The Jaro-Winkler Similarity is a string metric measuring edit distance between
two strings. Jaro-Winkler Similarity is defined as:

```math
S_w = S_j + P * L * (1 - S_j)
```

```bash
where:
S_w = Jaro-Winkler Similarity
S_j = Jaro Similarity
P = Scaling Factor
L = Length of the matching prefix up to a max of 4 characters

```

Jaro Similarity is the measure of similarity between two strings. The value of
Jaro distance ranged from 0 to 1 where 0 means no similarity and 1 means very
similar.

The Jaro Similarity is calculated using the following formula:

```math
S_j = 1/3((m/abs(s1)) + (m/abs(s2)) + (m-t)/m))

```

```bash
where:
S_j = Jaro Similarity
m = number of matching characters
t = half of the number of transpositions
s1 = length of first string
s2 = length of second string

```

In the context of Targon, the scaling factor for our Jaro-Winkler calculation
was set to 0.25.

> *Note:*
> [Jaro-Winkler Similarity](https://en.wikipedia.org/wiki/Jaro%E2%80%93Winkler_distance%5D)
> is not a mathematical metric, as it fails the Triangle Inequality.

# How to Contribute

## Code Review

Project maintainers reserve the right to weigh the opinions of peer reviewers
using common sense judgement and may also weigh based on merit.
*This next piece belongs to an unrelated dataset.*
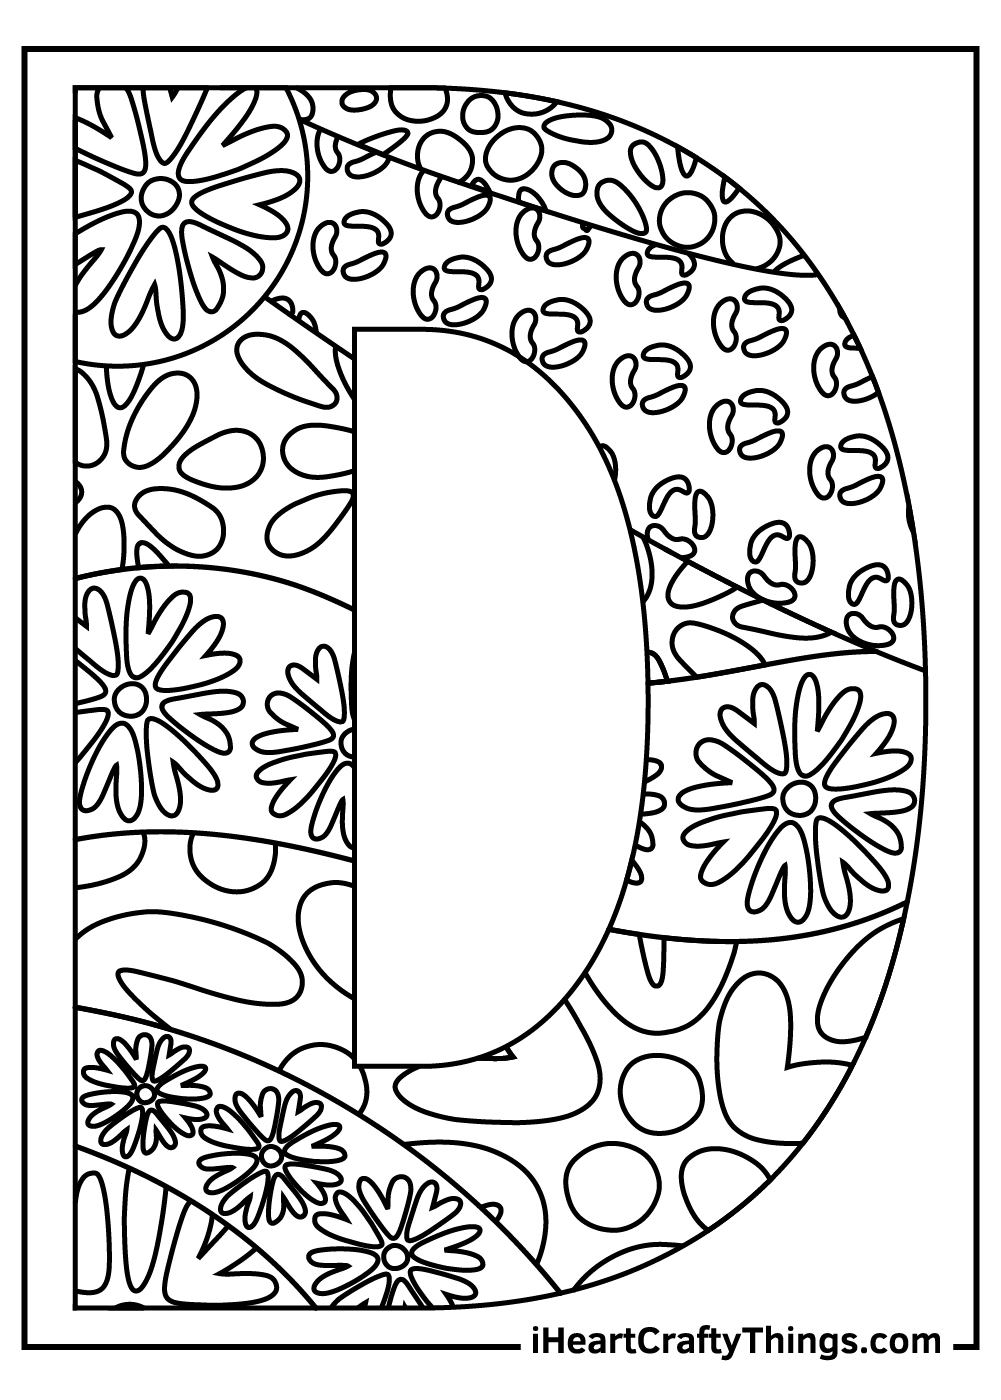 Letter d coloring pages free printables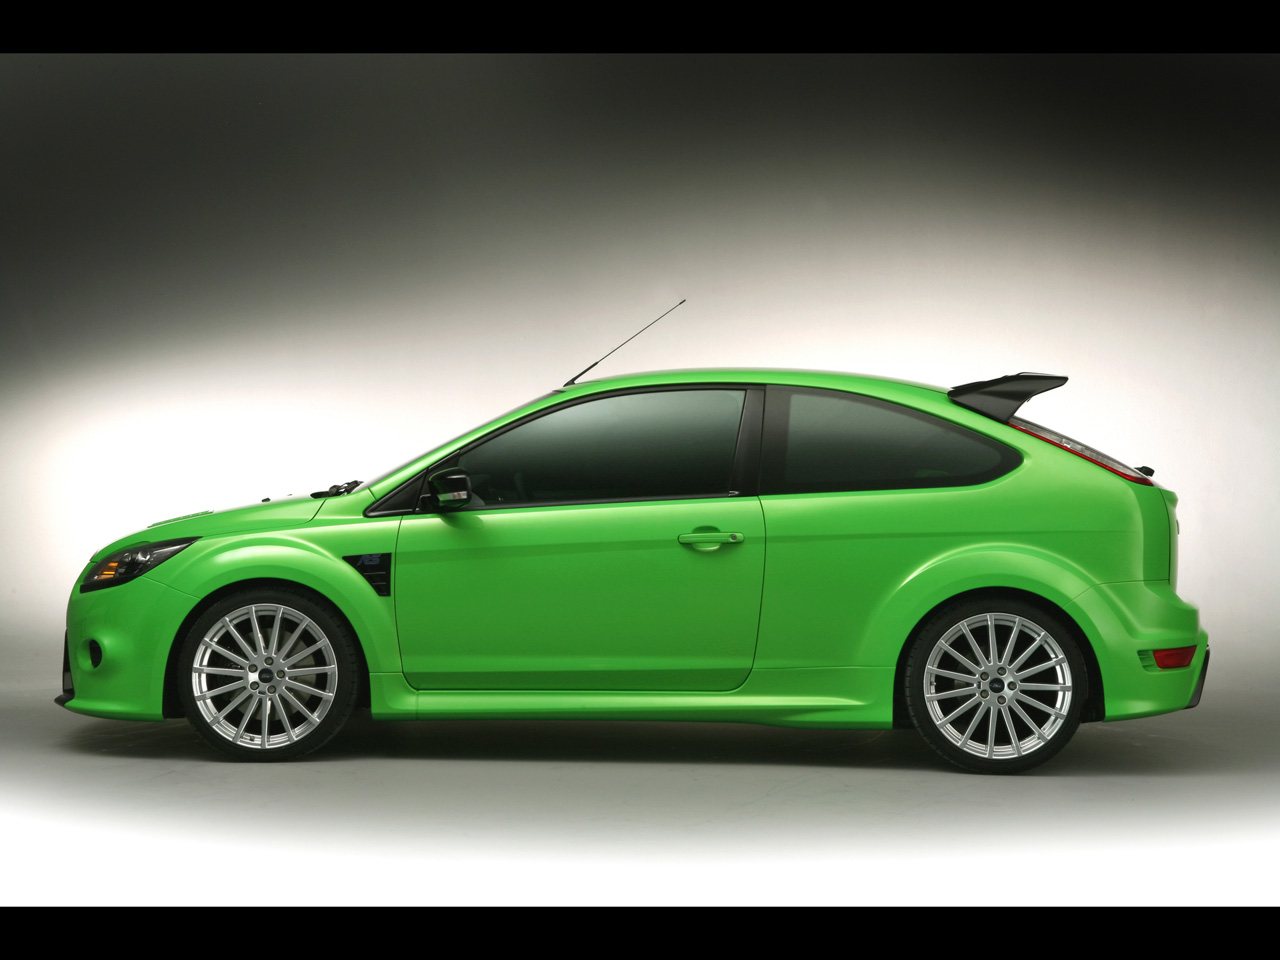 2009-Ford-Focus-RS-Side-1280x960.jpg

Reviewers that
have demonstrated a deeper commitment and understanding of the project over time
or who have clear domain expertise may naturally have more weight, as one would
expect in all walks of life. Where a patch set affects consensus-critical code,
the bar will be much higher in terms of discussion and peer review requirements,
keeping in mind that mistakes could be very costly to the wider community. This
includes refactoring of consensus-critical code. Where a patch set proposes to
change the Targon subnet, it must have been discussed extensively on the discord
server and other channels, be accompanied by a widely discussed BIP and have a
generally widely perceived technical consensus of being a worthwhile change
based on the judgement of the maintainers. That being said, Manifold welcomes
all PR's for the betterment of the subnet and Bittensor as a whole. We are
striving for improvement at every interval and believe through open
communication and sharing of ideas will success be attainable.